Both the two-disc DVD double pack and the three-disc Blu-ray edition feature an animated short film entitled The Untold adventures of the Dawn Treader, a guide to the Dawn Treader, Narnian discovery featurettes, four featurettes aired on Fox Movie Channel, 5 minutes of deleted scenes, eight international music videos, a sword game, five island explorations, three behind-the-scenes featurettes entitled The Epic Continues, Portal to Narnia: A Painting Comes to Life & Good vs. Evil: Battle on the Sea and a visual effects progression reel. On October 9, 2020, the film became available for streaming on Disney+, following The Walt Disney Company's acquisition of 20th Century Fox in 2019.

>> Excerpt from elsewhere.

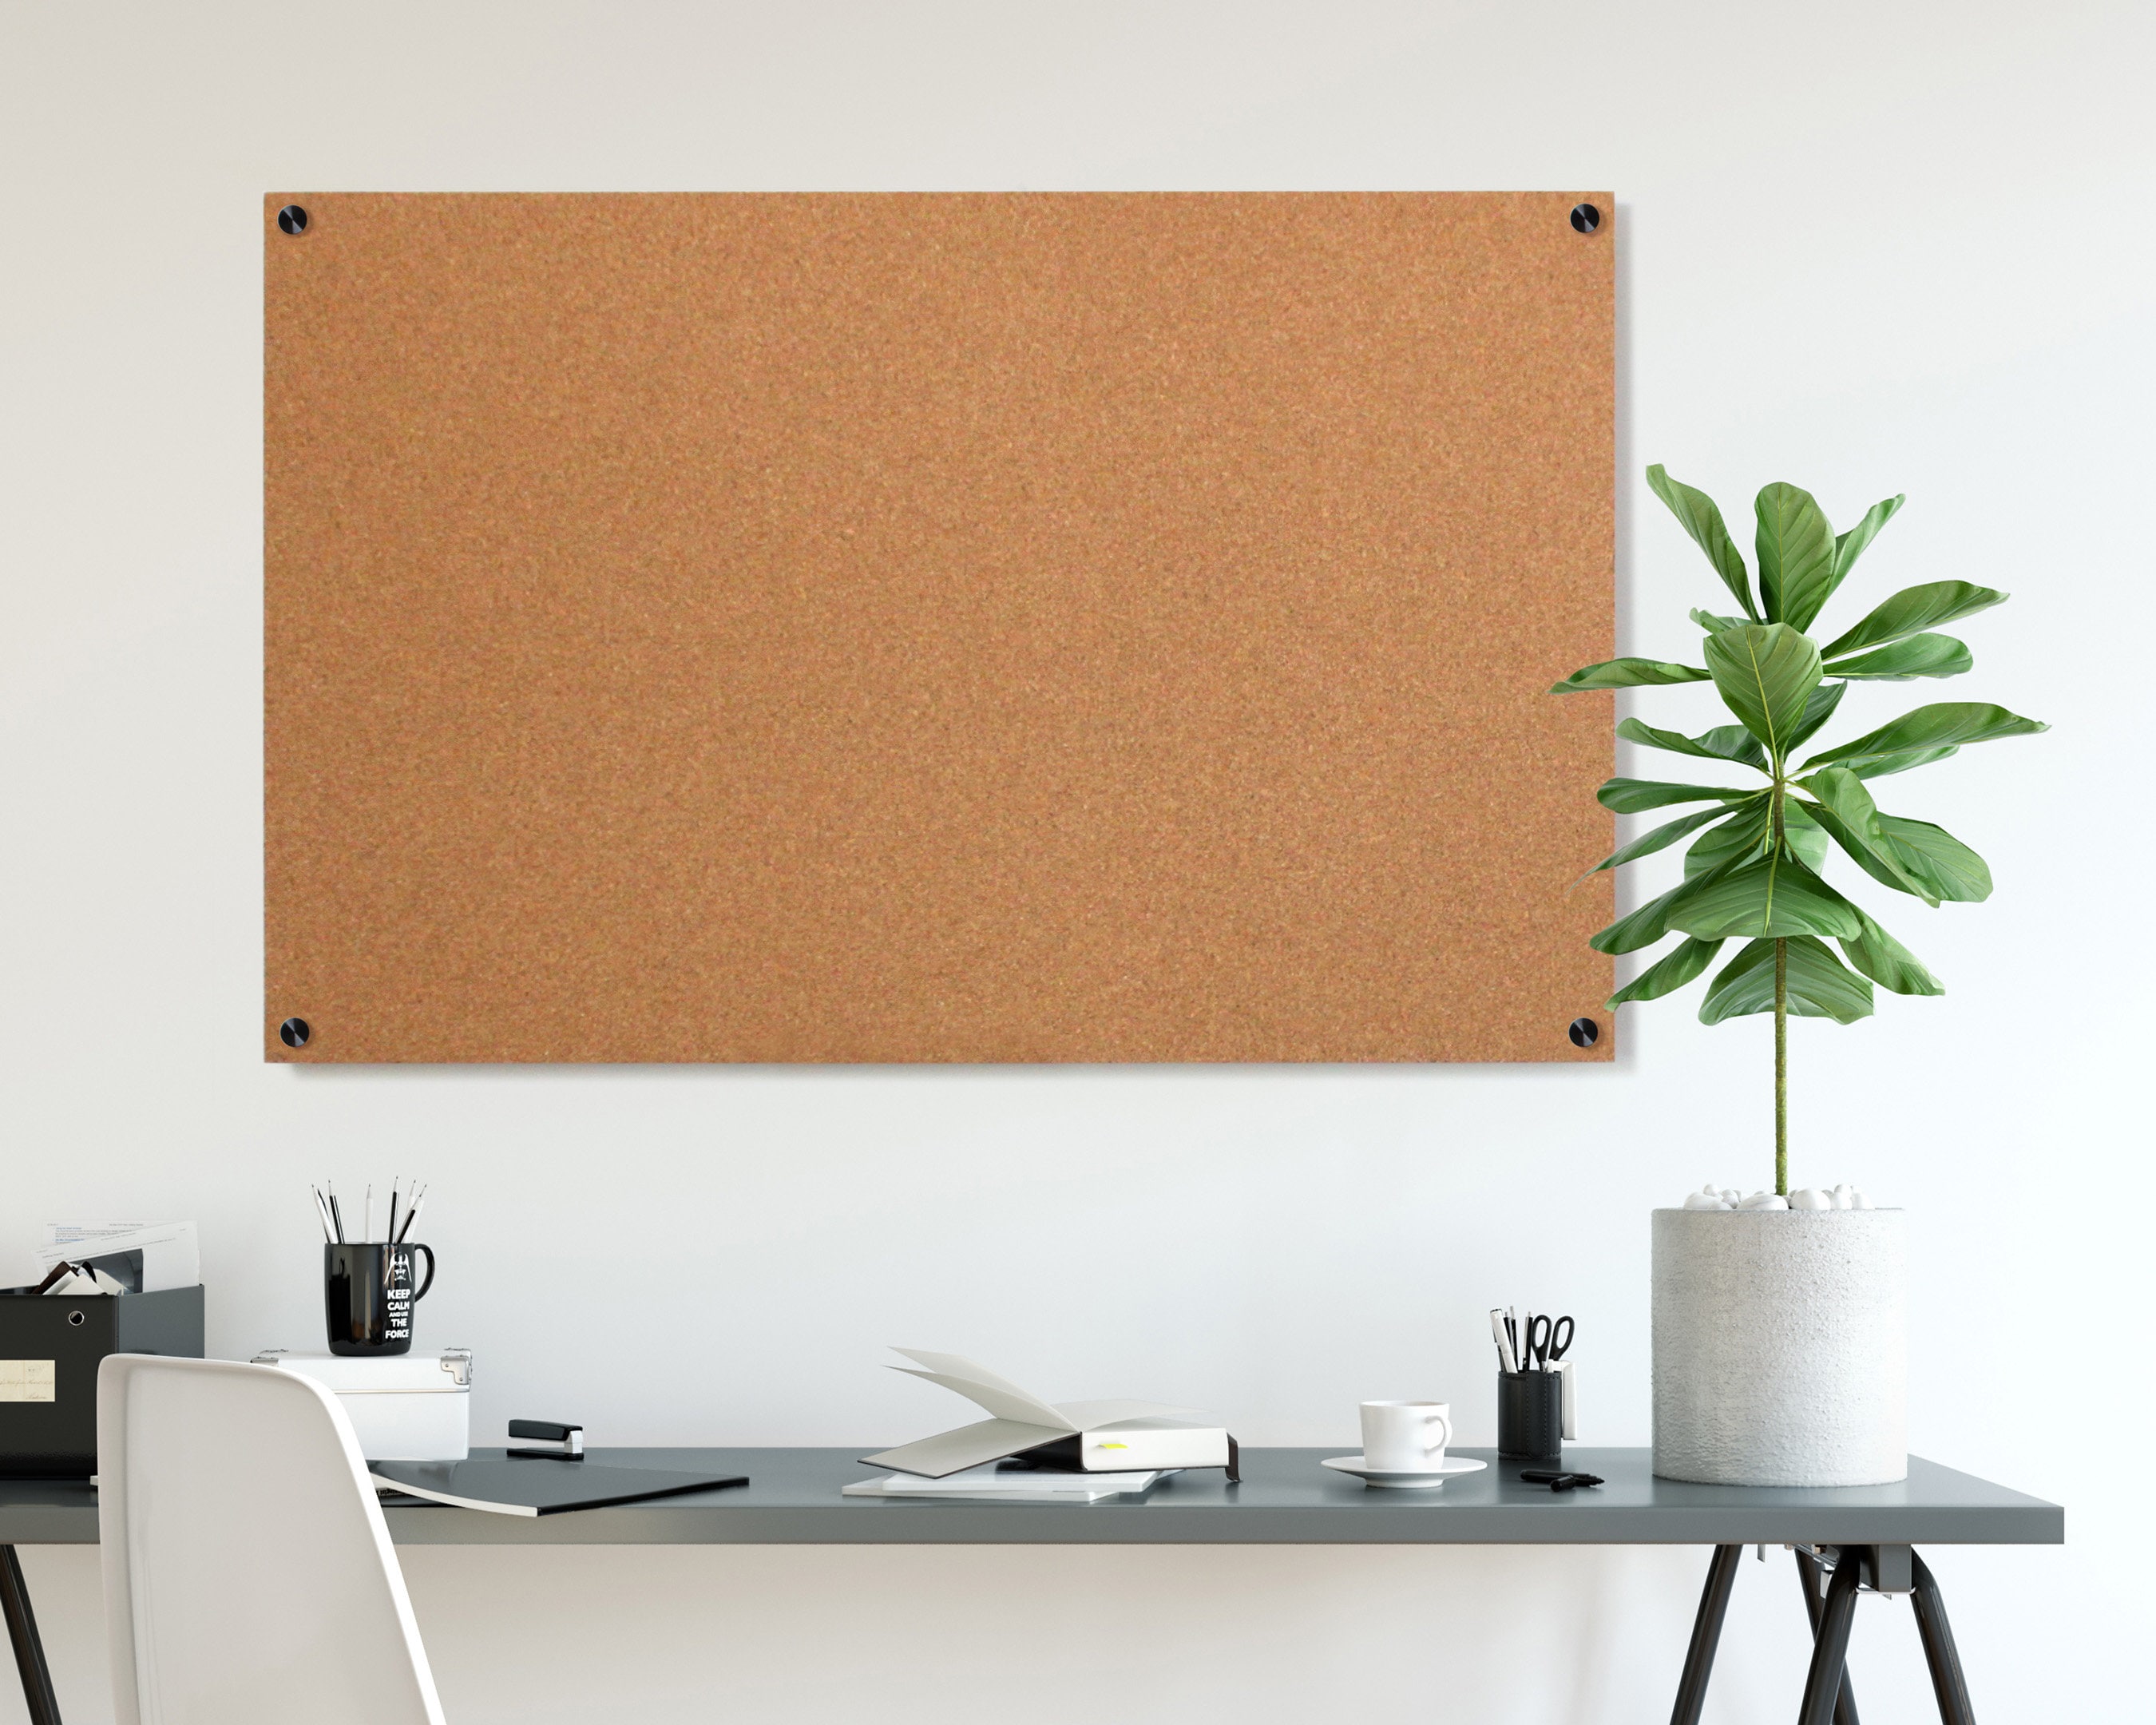 Small Cork Bulletin Board With Wooden Frame, 12 X 16 Inches Perfect For  Home Office Decor, Home School Message Board Or Vision Board

=== Collector's Edition and Blu-ray 3D ===
20th Century Fox released the 3D Blu-ray version in the U.S. on August 30, 2011. Walden Media President Micheal Flaherty stated in an interview that 20th Century Fox Home Entertainment and Walt Disney Studios Home Entertainment are developing a collector's-edition box set DVD and Blu-ray containing the first three films.

== Future ==
=== Cancelled sequel ===
On March 22, 2011, it was announced that an adaptation of The Silver Chair would be the next film in the series. The C. S. Lewis Estate was in final negotiations to produce it and had yet to confirm a release date and the screenwriter. However, in the fall of 2011, Douglas Gresham, a co-producer of the film, said that Walden Media no longer owns the rights to produce another Narnia film. If another film were to be made, it would not be for another three or four years.

=== Netflix reboot ===

On October 3, 2018, it was announced that Netflix and the C. S. Lewis Company had made a multi-year agreement to develop a new series of film and TV adaptations of The Chronicles of Narnia. This announcement was interpreted as superseding previously announced plans for The Silver Chair. On June 12, 2019, it was announced that Matthew Aldrich will serve as the creative architect and oversee the development of Narnia films and television for Netflix. In May 2020, Douglas Gresham expressed concern about the future of the project, stating he had not been contacted by Netflix in some time. In July 2023, it was announced that Greta Gerwig had been hired to write and direct at least two Narnia films for Netflix.